The NOD-like receptor (NLR) family, CARD domain-containing protein 4 (NLRC4), was initially described as a pro-apoptotic protein and demonstrated to detect cytosolic flagellin [24,25,26]. NLRC4, a pivotal component of the inflammasome, is involved in endogenous danger signalling responses to multiple microbial spines and macrophage scorching [27]. Recruitment of the NLRC4 inflammasome may have a substantial effect on gram-negative bacterial infections, especially those associated with Salmonella typhimurium [28]. It has been reported that overexpression of NLRC4 increases macrophage inflammasome activity, leading to infantile small bowel colitis syndrome and recurrent macrophage activation syndrome [29, 30]. In addition, another study found that decreased NLRC4 reduced the inflammatory response; during gram-positive pneumonia, NLRC4 knockdown mice exhibited reduced inflammation and controlled bacteria more effectively than wild-type infected mice [30, 31]. Pyroptosis is a proinflammatory form of regulated cell death dependent on caspase-1 activation [5]. When in recognition of danger or pathogen-associated molecular patterns, the inflammasome initiation sensor (NLRC4) activates caspase-1, which is considered the typical inflammatory vesicle activation mode [32]. In this study, NLRC4 was highly expressed in all patients with sepsis; therefore, it is reasonable to believe that NLRC4 may cause pyroptosis by activating caspase-1 and promoting the inflammatory response, which consequently leads to the development of sepsis. As a result, NLRC4 may be considered a potential therapeutic target of sepsis for further research.

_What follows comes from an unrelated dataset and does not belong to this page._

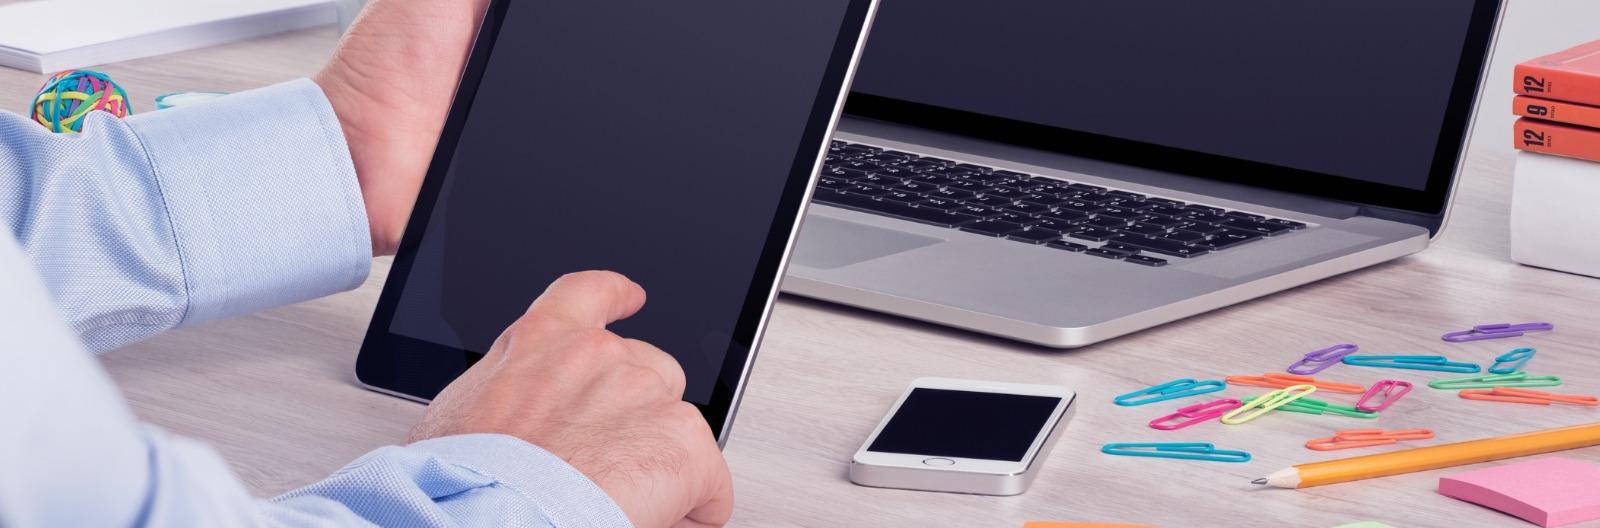 Capito Secure Web Gateway

At present, some lncRNAs have been demonstrated to act as important regulators in the pathogenesis of sepsis [33]. For example, it was reported that there were significant differences in the expression of lncRNA ENST00000504301.1 and ENST00000452391.1 between sepsis survivors and nonsurvivors [34, 35]. To further explore the impact of a pyroptosis gene (NLRC4) on sepsis at a deeper level, we predicted the upstream targeting factor miRNAs and lncRNAs and constructed a ceRNA network of 6 lncRNAs (MIR29B2CHG, TMEM161B-AS1, KCNQ1OT1, NEAT1, AC016876.2, XIST) and 2 miRNAs (hsa-miR-335-5p, hsa-miR-146a-5p) around NLRC4.

Meanwhile, there are limitations to this study. The prediction results of lncRNAs and miRNAs are in a wide range and require more experimental data and literature to corroborate. Additionally, the PRGs identified in this study that have the potential to be therapeutic targets for sepsis require further literature support and basic experimental validation.

Conclusions

In this study, we identified NLRC4 as a PRG associated with sepsis based on machine learning and constructed a ceRNA network of lncRNAs and miRNAs around NLRC4, which may serve as early molecular biomarkers for therapeutic targets of sepsis. In the future, these molecular markers deserve further study in follow-up and require additional datasets and further experimental validation at the cellular or specimen level.